When gen.throw(ValueError(...)) is called, the ValueError is raised on the line value = yield total. The generator’s own try...except block then handles it, logging the message and allowing the coroutine to continue its loop. If the generator did not handle the thrown exception, it would propagate out to the caller of throw().

The close() Method: Graceful Termination

The close() method is used to signal to the generator that it should terminate immediately. It works by injecting a GeneratorExit exception into the generator at the suspension point. This exception is intended to trigger the generator’s cleanup code (i.e., any finally blocks or context manager __exit__ methods).

def monitored_coroutine():
    try:
        value = 0
        while True:
            value = yield value
            print(f"Processed: {value}")
    finally:
        print("Performing crucial cleanup...")

gen = monitored_coroutine()
next(gen)
print(gen.send(100))  # Prints "Processed: 100", then yields 100
print(gen.send(200))  # Prints "Processed: 200", then yields 200
gen.close()           # Injects GeneratorExit, triggering the finally block.
# Output:
# Processed: 100
# 100
# Processed: 200
# 200
# Performing crucial cleanup...

It is a best practice to always structure generator-based coroutines with a try...finally block to ensure resources like open files or network connections are properly released, even if the coroutine is closed prematurely. If a generator ignores the GeneratorExit and yields another value (instead of exiting), the close() method will raise a RuntimeError.
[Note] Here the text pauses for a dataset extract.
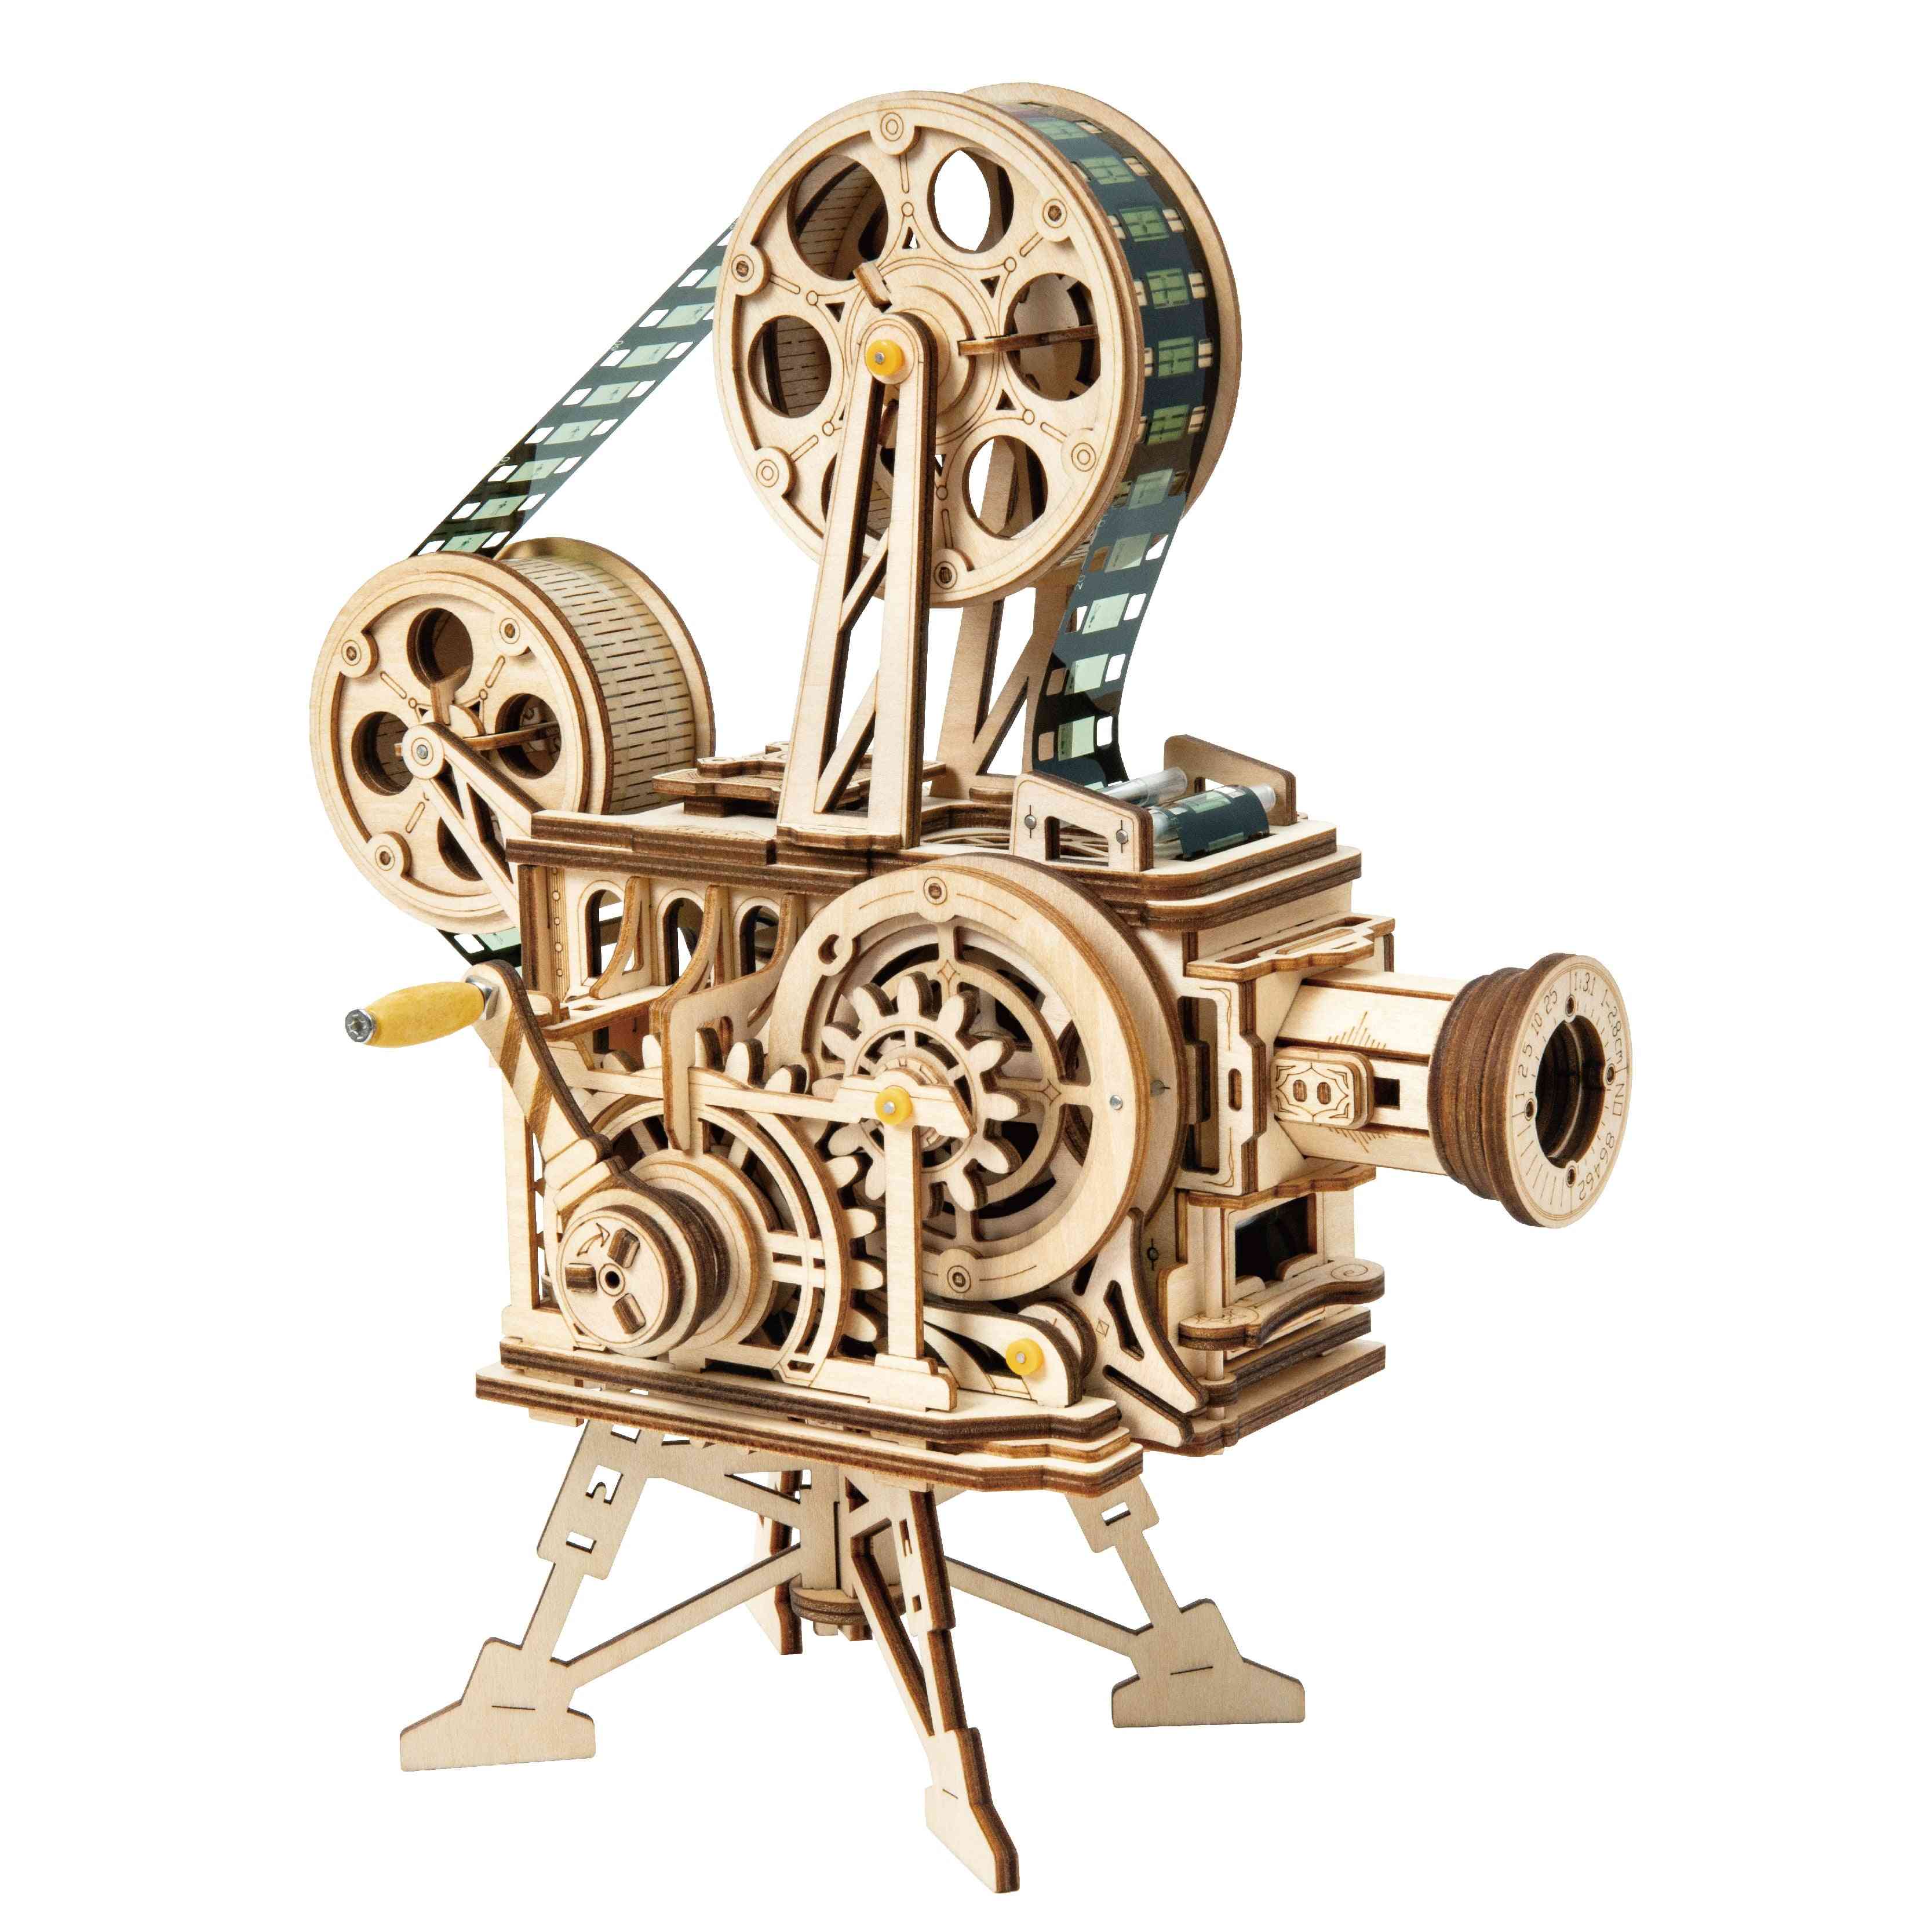 Kits de construcción de modelos de rompecabezas mecánicos de madera 3d acción de corte por láser por un reloj juguetes de regalo para niños

Common Pitfalls and Best Practices

  1. Priming the Coroutine: Forgetting to call next() or send(None) first is a very common mistake. The generator must be advanced to its first yield before it can receive values.
  2. State Management: Generator coroutines maintain state naturally within their local variables. This makes them excellent for modeling state machines or complex multi-step processes without needing to create a class.
  3. Limited Use with Async Frameworks: While powerful, generator-based coroutines are largely superseded by native async/await coroutines for I/O-bound concurrency. They cannot be directly awaited in an asyncio event loop without compatibility layers (@asyncio.coroutine decorator, deprecated since Python 3.8).
  4. Exception Handling: Be deliberate about what exceptions your coroutine handles internally versus what it allows to propagate out. The throw() method makes the caller a direct participant in the generator’s error handling.
  5. Finalization: Rely on close() and the resulting finally blocks for cleanup. Do not assume the generator will be exhausted naturally; it might be garbage collected early, which also triggers close().